Writer’s note: This is the ninth in a series of articles entitled: The Stories of My Life.
There was a time in mine and Marianne’s life that, because of all the blessings God had blessed us with, we decide we wanted to “give back.” So, we took the training and became Certified Foster Parents. It was around 1986 when I received a call from a DFACS caseworker stating that they had a little boy for us to foster. The caseworker told us that he had a learning disability and anger issues. In fact, he attended the Burwell Center in LaGrange, which is a treatment center for children with behavioral disorders. (Anger issues) We were also told that his name was Jeremy and that he was eight years old.
Before the caseworker placed him in our home, she began to go over with us all the do’s and don’ts associated with being foster parents. She said, “Now you know you can’t use corporal punishment on him.” And I replied, “Then you know he can’t come into our home.” Surprised, she asked, “Why?” I said, “Because all throughout this training you all have told us not to treat a foster child any differently than our biological children. In our home we use corporal punishment as ‘a’ form of discipline; it’s not the only form, but it is ‘a’ form, and I’m not going to upset my household.” She rolled her eyes at me and said, “Just don’t let me know when you do it and don’t leave any identifying marks!” I said, “You got a deal!”
I remember the night the caseworker brought him into our home as if it was yesterday. He sat in a living room chair and his little legs came nowhere near touching the floor. He was clutching all his worldly possessions in a brown paper grocery bag that was rolled down to about one forth of its size. We decided, that in an effort to make him feel welcome, we would take him to Movie Gallery and let him pick out a movie for the whole family to watch. He picked a movie about some Doberman Pincher dogs. While driving there I told him that he needed to decide what he would call Marianne and me. I told him he could call us Mr. Aaron and Miss Marianne, Mr. & Mrs. McCollough, momma and daddy, or any other name he wanted. However, out of respect to us, he couldn’t call us by our first names. We were walking across the parking lot headed into Movie Gallery when he said, “I think I’ll call you momma and daddy.”

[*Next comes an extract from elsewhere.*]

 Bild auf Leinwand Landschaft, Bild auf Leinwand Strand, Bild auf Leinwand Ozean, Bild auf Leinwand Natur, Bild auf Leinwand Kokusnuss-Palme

As Jeremy began to settle in, Marianne started working on his head and I started working on his bottom. In the process, an amazing thing happened. He went from making straight F’s on his report cards to consistently being on the Principal’s List for making all A’s & B’s. Furthermore, he was dismissed from the Burwell Center for Behavioral Disorders.

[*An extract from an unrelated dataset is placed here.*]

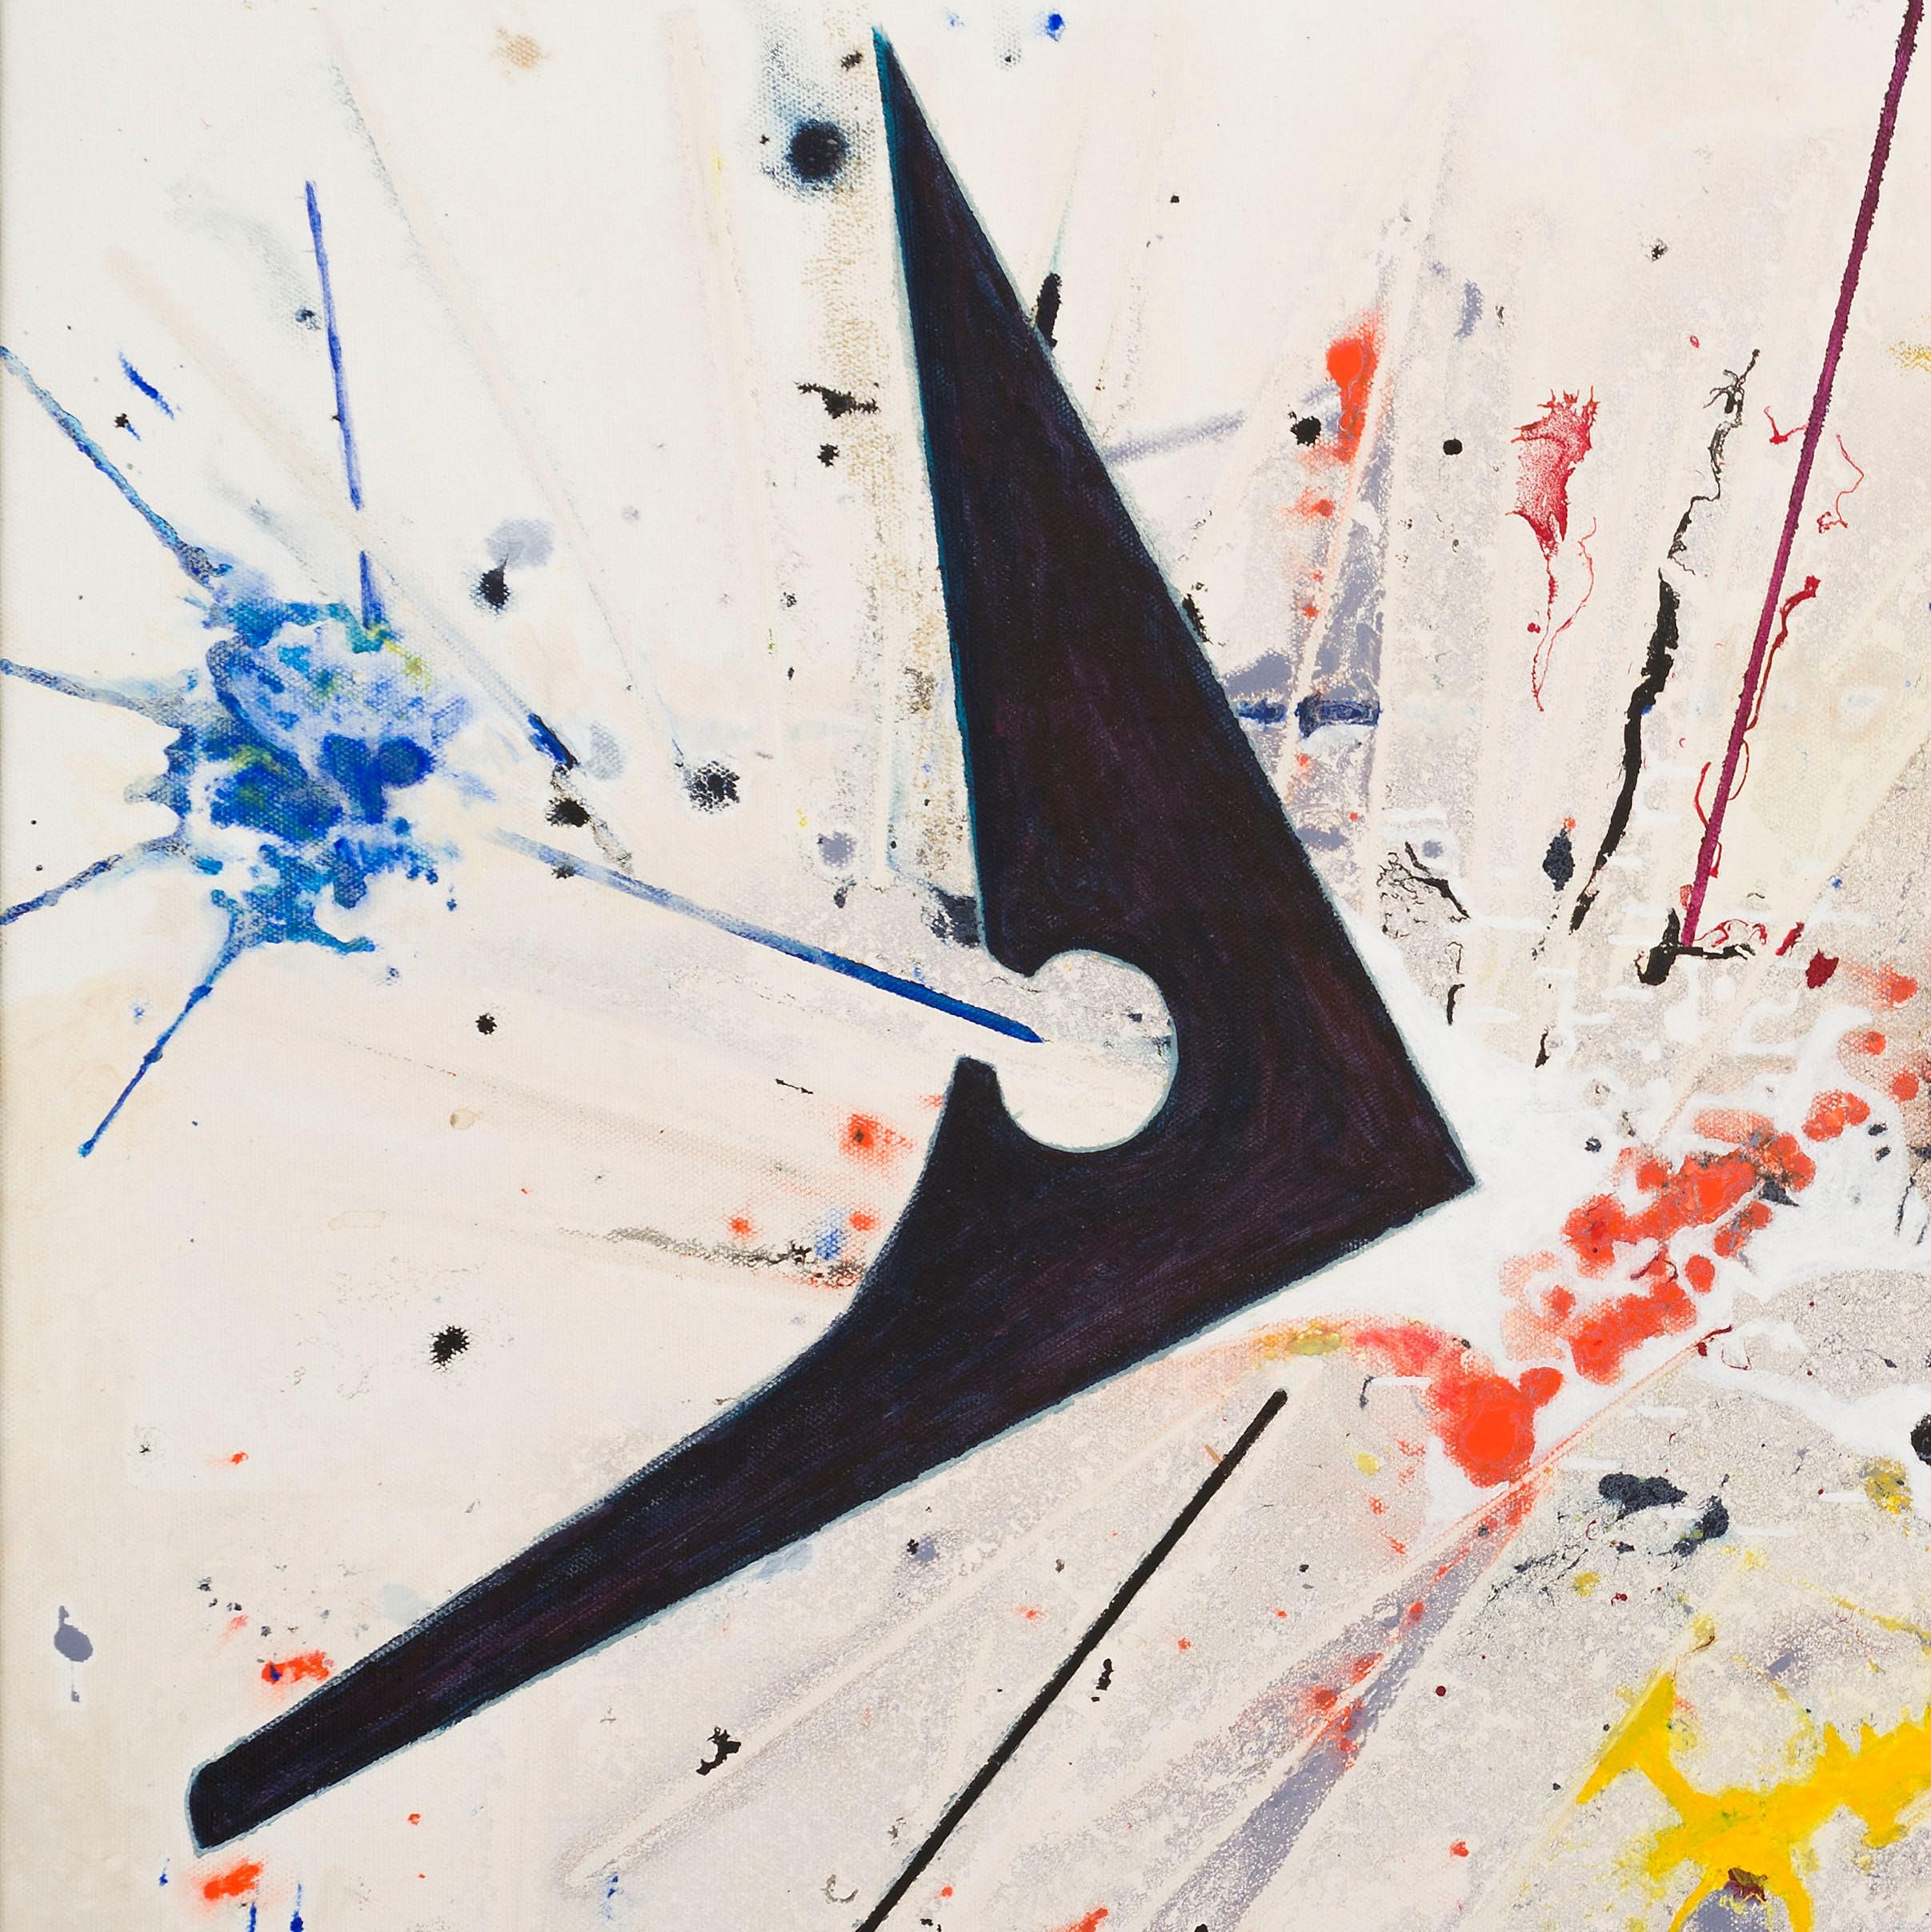 Transitions von Detlef Aderhold – Energetisches zeitgenössisches abstraktes Gemälde (Beige), Abstract Painting, von Detlef E. Aderhold

Now, I’m nowhere near through telling you about Jeremy. You’ll have to read next week’s column for the rest of his story. However, there are some Spiritual takeaway’s I want you to glean from this week’s column. First, there are times in all our lives when our focus needs to shift from receiving to giving back! (We’re never more like Jesus than when we give!) Second, from time-to-time, we all find ourselves in situations where, due to no fault of our own, our world is turned upside down and we need somebody to step in an advocate for us. Third, our attitude means everything. As Jeremy, sometimes we simply need to just embrace the new opportunities that our circumstances have afforded us. Fourth, realize that instruction and discipline are two critical building blocks of life. And finally, realize that regardless of our circumstances and the diagnosis and titles that somebody hangs upon us, our destiny is up to us. There is no diagnosis or title hung upon us that, with the help of God and others, we cannot rise above. It may not be easy, but we can rise above!